Сейчас у СКДПУ НТ более 40 интеграций с разными классами ИТ и ИБ-решений, которые закрывают все основные потребности заказчиков – это и сценарии совместной работы по обмену данными и глубокие взаимодействия на уровне программного интерфейса. Фактически мы создаем вокруг себя мультивендорную экосистему, в которой заказчик может выбирать продукты на основе их качества и своих предпочтений. Все перечисленные выше функции работают в базовой поставке, без доработок и написания кастомных коннекторов.

СКДПУ НТ передает события в SIEM по syslog и CEF, а сами SIEM уже «из коробки» умеют распознавать эти события без доработок. Платформа умеет работать в связке с NGFW, криптошлюзами и VPN, участвуя в построении защищенного контура с DMZ и передавая контекст пользовательских сессий. И много других сценариев, с которыми мы встречались в реальных проектах.

Схема взаимодействия СКДПУ НТ с SIEM

Отдельного внимания заслуживают сценарии с IDS и межсетевыми экранами. Система обнаружения вторжений анализируют трафик в сети и передает в СКДПУ НТ данные о сетевых соединениях удаленного доступа. Все пользователи, что подключаются через СКДПУ НТ к инфраструктуре считаются «правильными», а те, что пошли в обход – нарушителями. На основе собственных пользовательских профилей и детекторов аномалий PAM не только идентифицирует нарушителя, но и может реагировать, направляя команду на отключение пользователя и блокировку IP-адреса на NGFW. А инженер информационной безопасности получает сообщение о новом инциденте «Вход без средств контроля» в интерфейсе PAM-платформы.

Схема взаимодействия СКДПУ НТ с NGFW, VPN и криптошлюзами

Интеграции с SOAR и IRP-платформами позволяют автоматически реагировать на инциденты, связанные с нарушением политик СКДПУ НТ. То есть интеграция запускает сценарии реагирования: блокировку привилегированного пользователя в LDAP/AD, разрыв сессии, или ограничение доступа. Для SOC это означает уменьшения ручной работы и заметное снижение времени реагирования.
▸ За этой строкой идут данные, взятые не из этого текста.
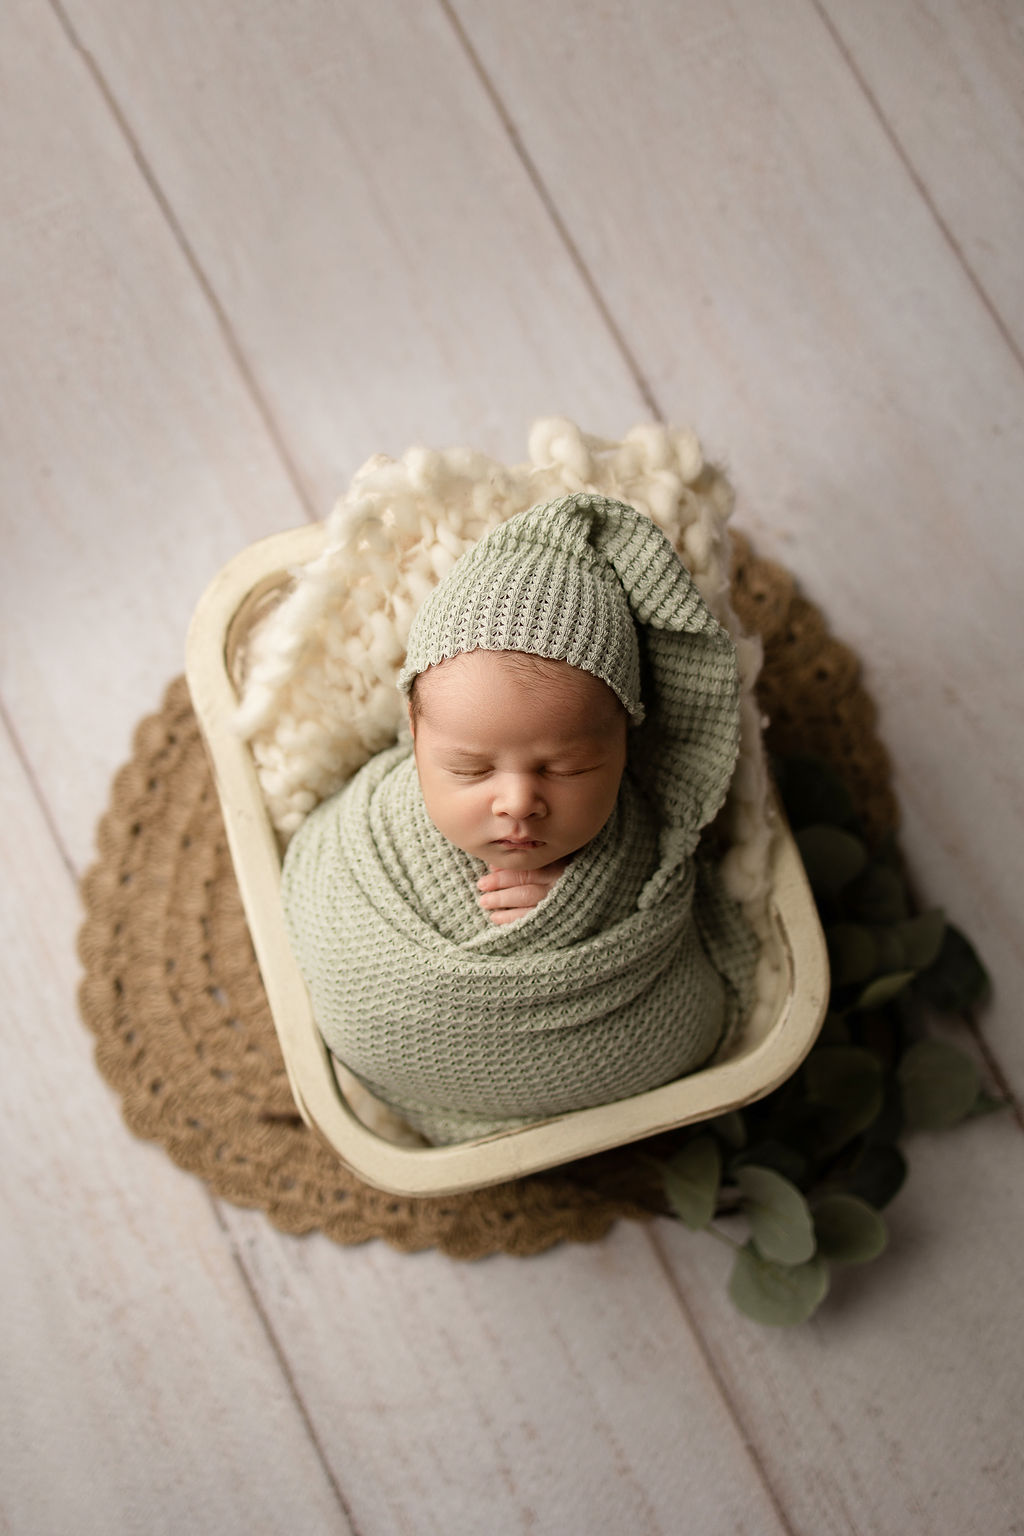 A newborn baby posed in a wooden basket sleeps in a green swaddle and night cap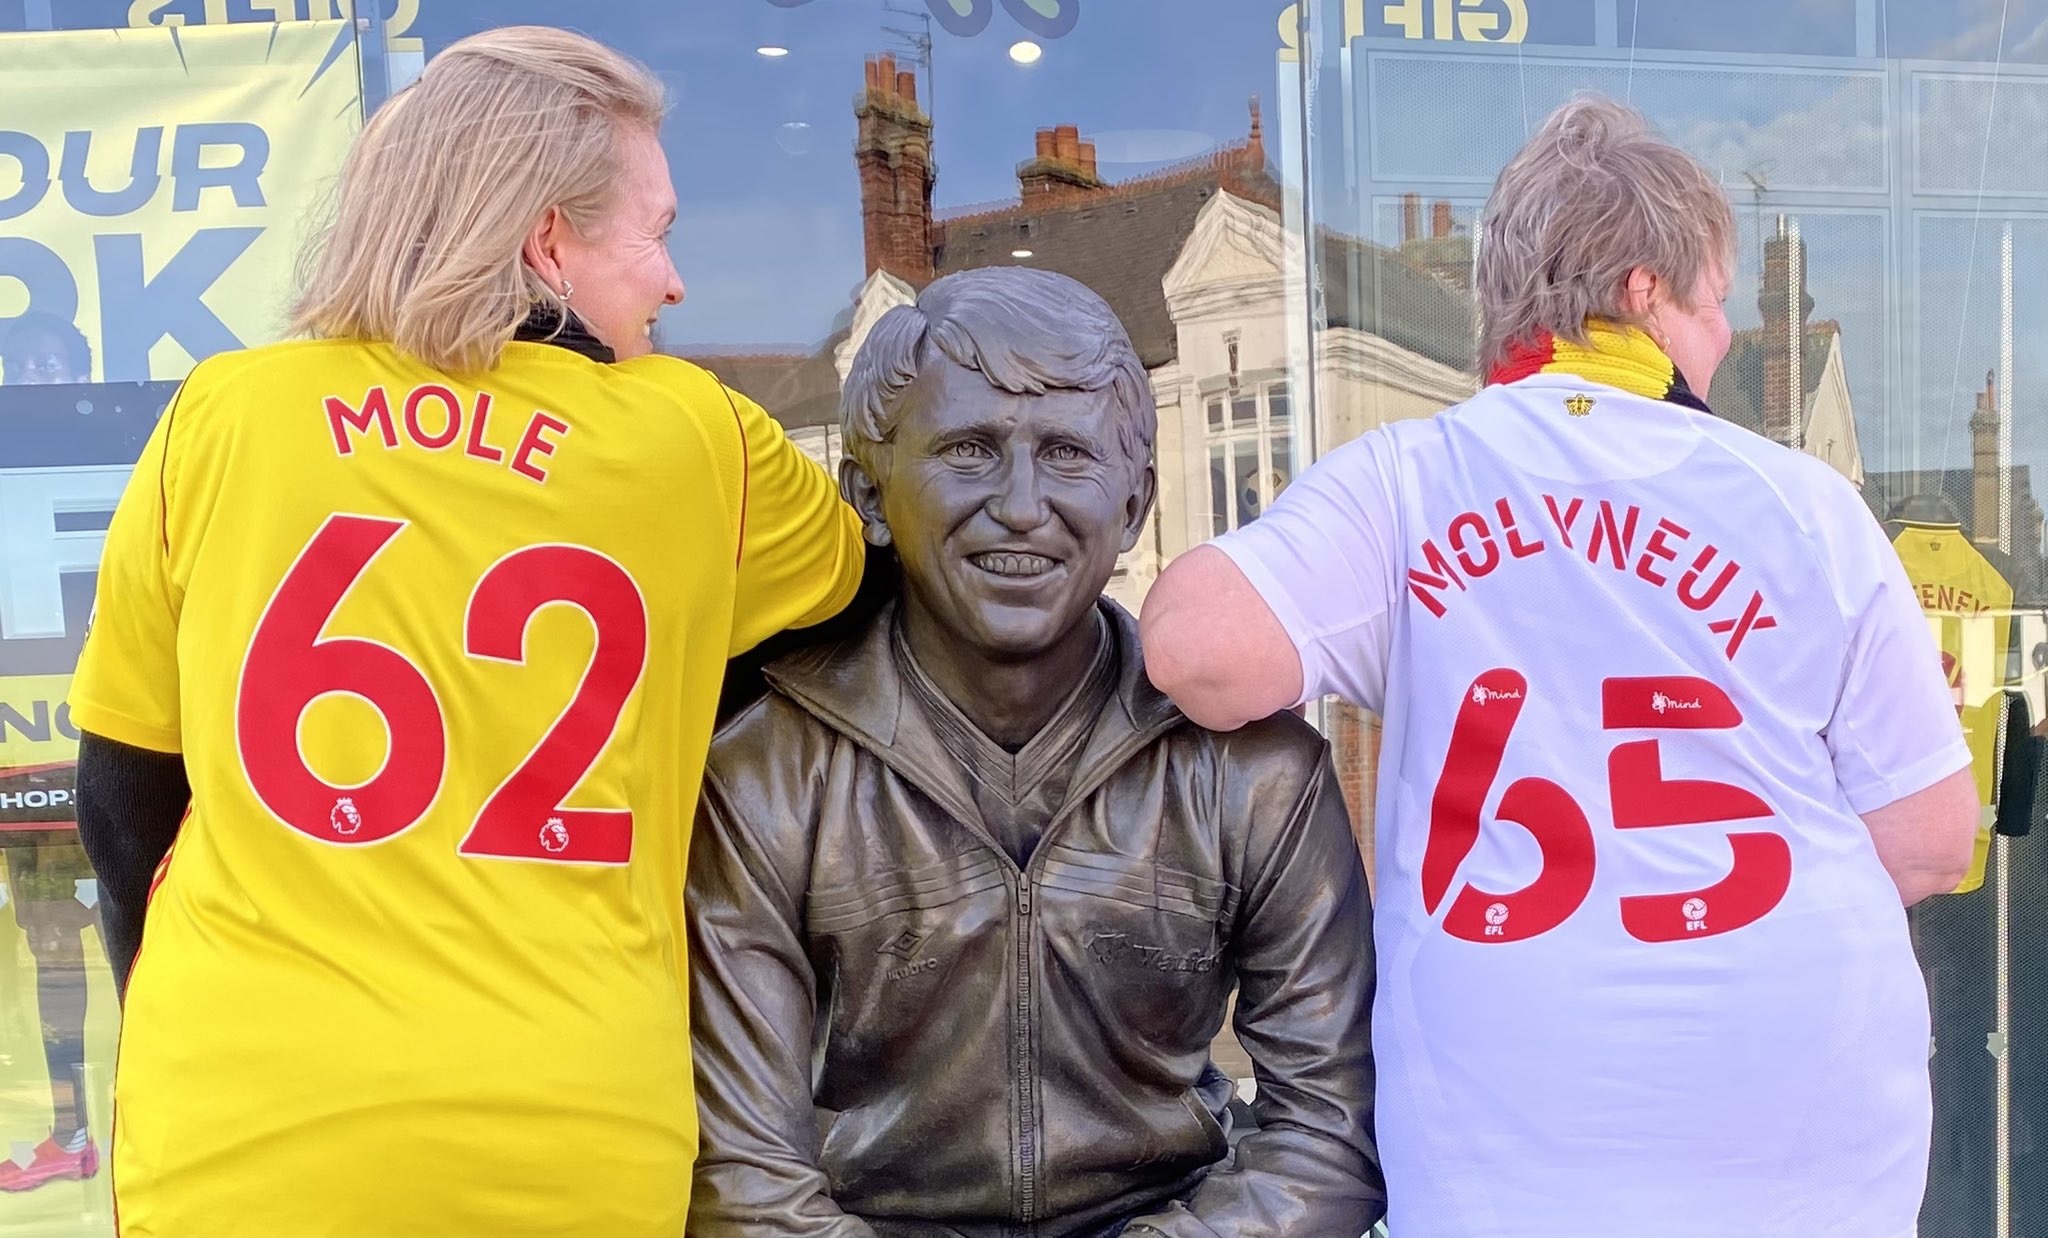 The family took a pic with the Graham Taylor statue

Схема взаимодействия СКДПУ НТ с SOAR- И IRP-системами

Платформенность в мультивендоровой системе

Однако и сам контроль привилегированного доступа задача значительно более сложная и обширная, чем просто запись сессий и передача событий во внешние системы. Не все данные, которые рождаются внутри PAM, имеет смысл сразу отправлять в другие системы. Сырые логи сессий, фрагменты команд, события аутентификации или технические детали подключения без контекста зачастую только увеличивают информационный шум и усложняют анализ. 

Именно так PAM перестает быть просто шлюзом с записью сессий и начинает работать как платформа управления привилегированным доступом с контекстным анализом событий. Она составляет профиль каждого привилегированного пользователя, создает отчеты, автоматизирует предоставление доступа к целевым ресурсам и позволяет максимально оптимизировать работу ИБ-подразделения. В СКДПУ НТ эта логика реализована через набор взаимосвязанных подсистем, каждая из которых решает свою задачу, но при этом работает в общей архитектуре и обеспечивает анализ всех действий пользователей с расширенными правами.

В основе лежит Шлюз доступа — точка входа пользователей к целевым системам и базовый функционал РАМ: запись рабочих сеансов в видео и текстовых форматах, выявление аномалий и реагирование на потенциально опасные события.

Всевозможный «постпродакшн» по обработке и анализу записанных сессий возложен на подсистему Мониторинг и аналитика. Фактически это инструмент профилирования и поведенческой аналитики действий человека в рамках сессии. Сюда поступают события со шлюзов и именно здесь формируется целостная картина активности пользователя.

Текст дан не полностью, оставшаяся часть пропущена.